THE DATA:
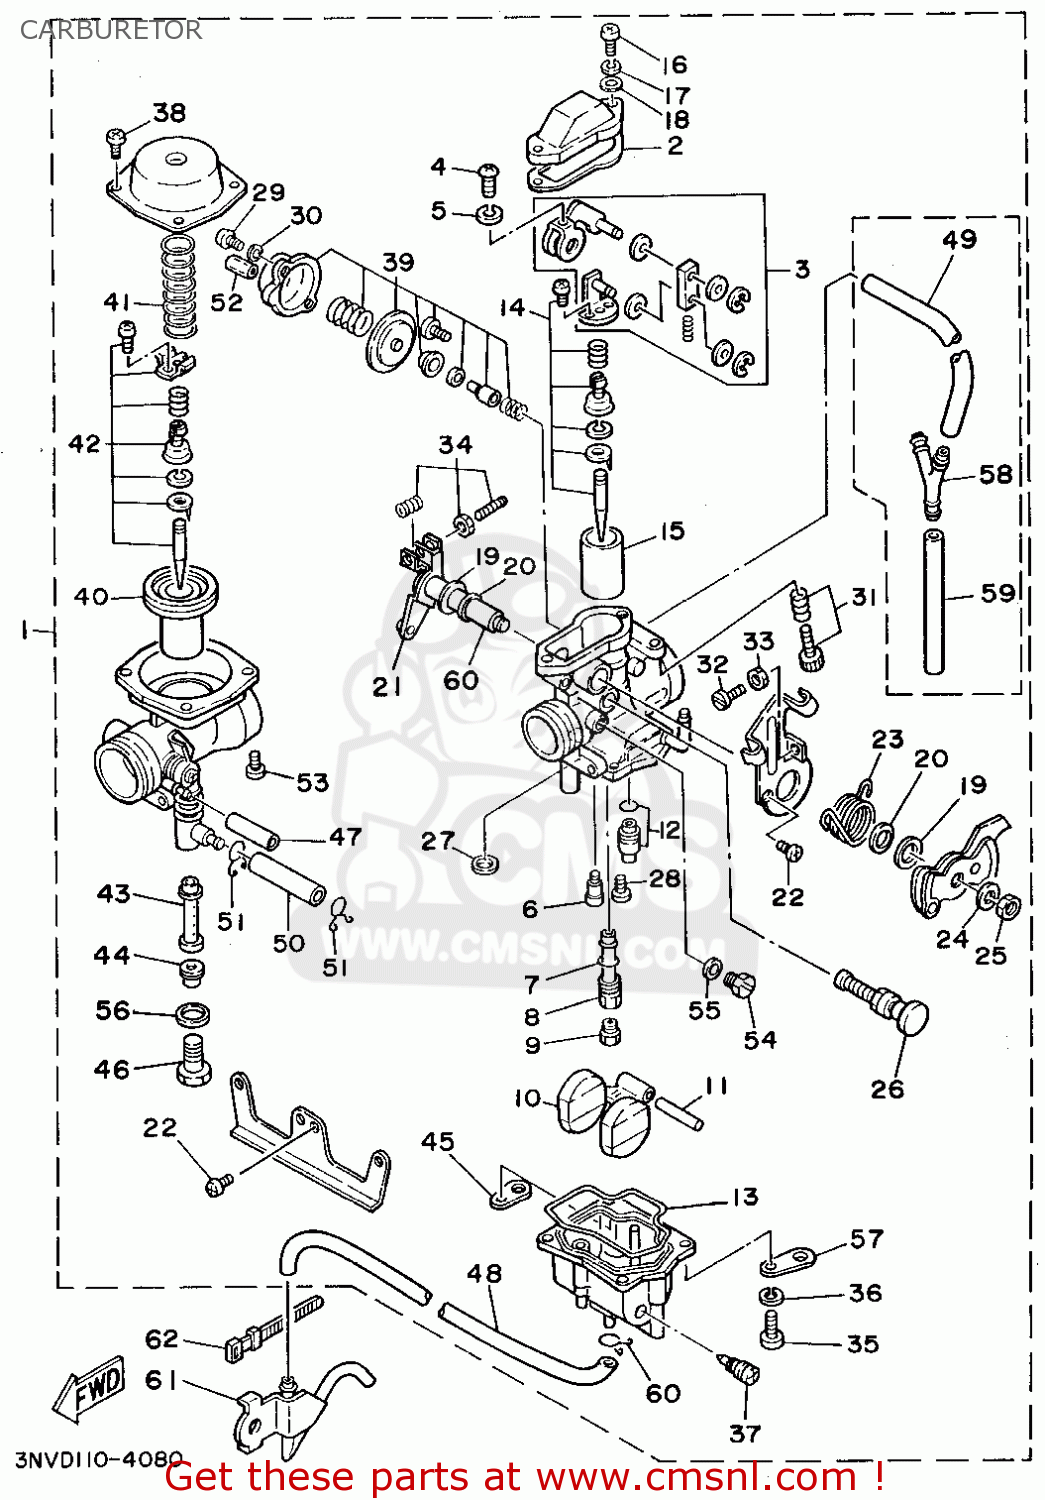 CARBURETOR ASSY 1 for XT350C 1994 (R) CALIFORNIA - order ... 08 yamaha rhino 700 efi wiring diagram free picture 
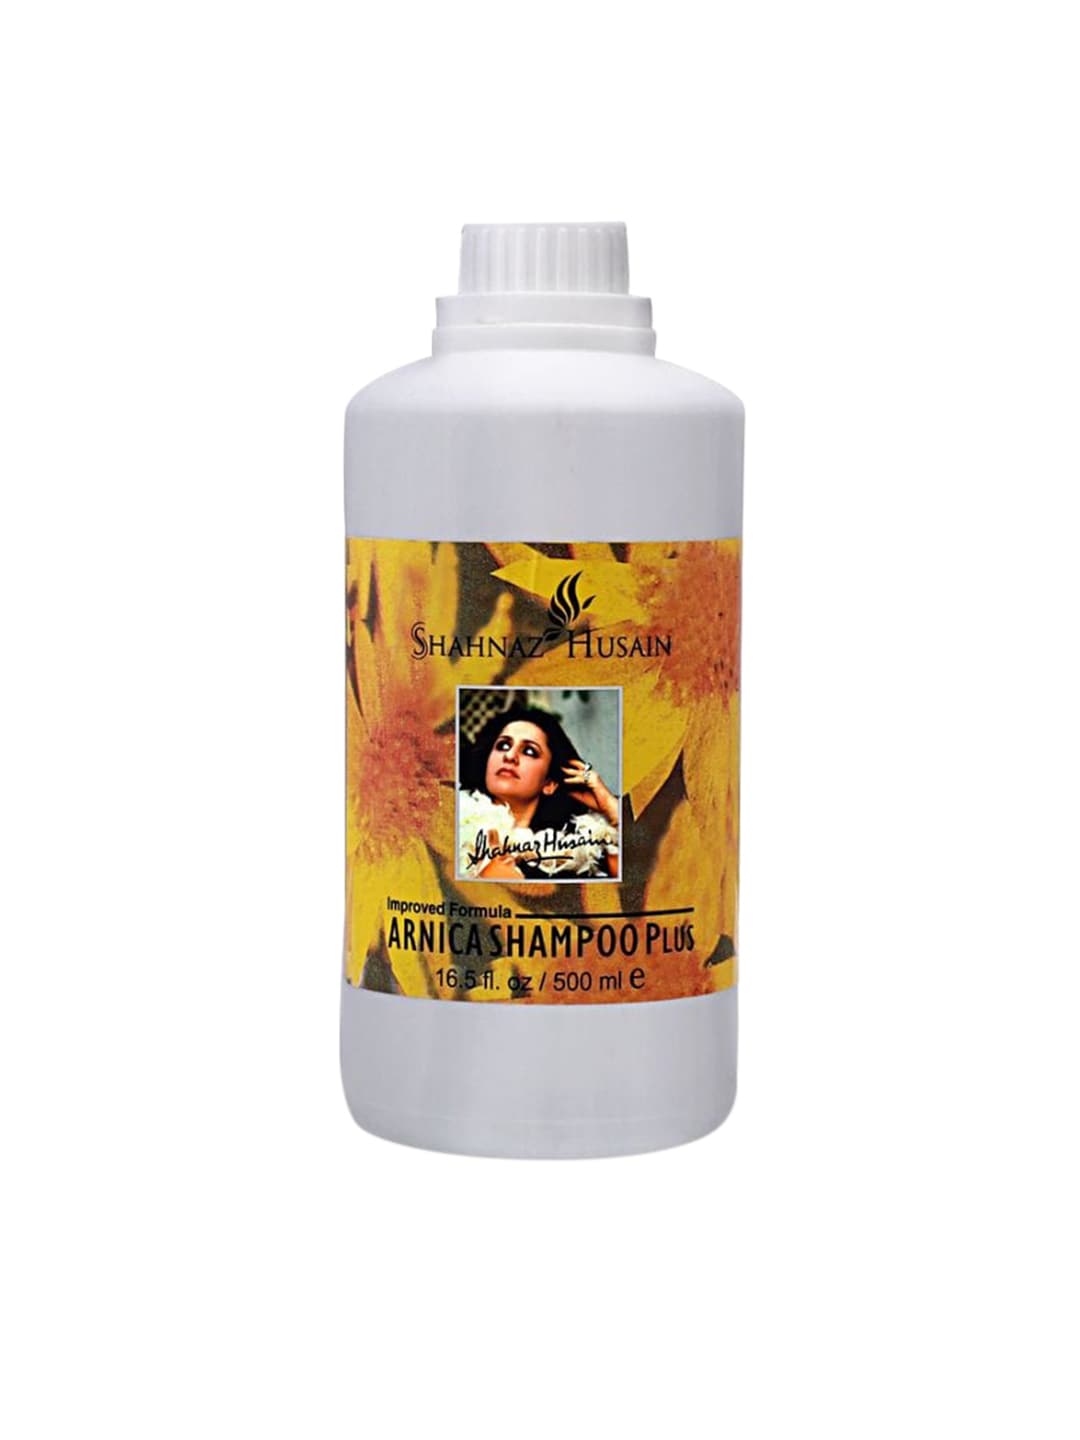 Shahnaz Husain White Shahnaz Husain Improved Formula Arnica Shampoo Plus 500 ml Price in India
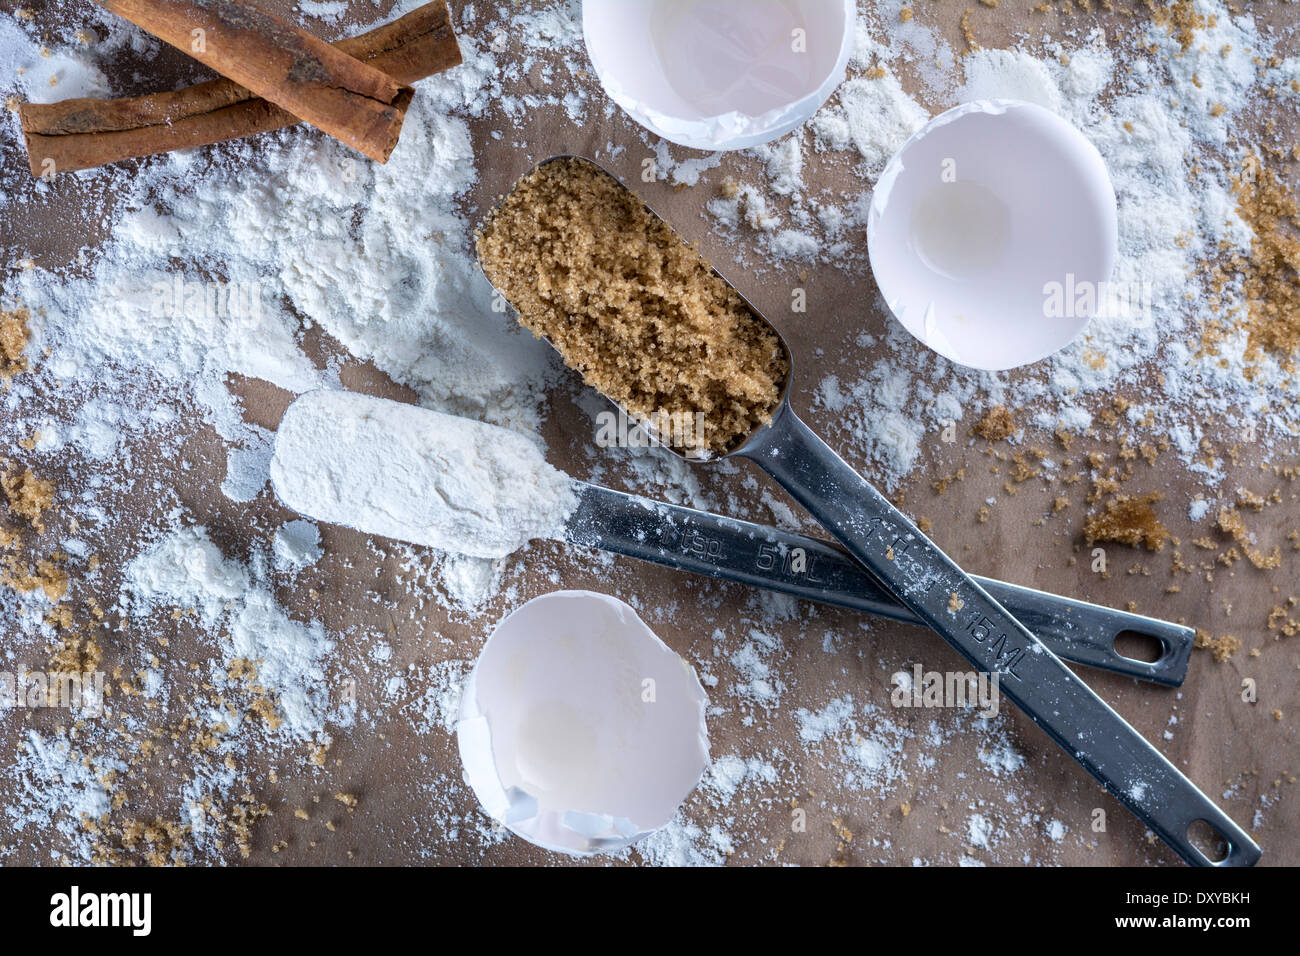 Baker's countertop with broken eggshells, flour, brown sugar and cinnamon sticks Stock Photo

TASK INSTRUCTIONS: Give the listing again word for word, but drop every picture.

ANSWER TO THE EXERCISE:
 CARBURETOR ASSY 1 for XT350C 1994 (R) CALIFORNIA - order ... 08 yamaha rhino 700 efi wiring diagram free picture 
 Shahnaz Husain White Shahnaz Husain Improved Formula Arnica Shampoo Plus 500 ml Price in India
 Baker's countertop with broken eggshells, flour, brown sugar and cinnamon sticks Stock Photo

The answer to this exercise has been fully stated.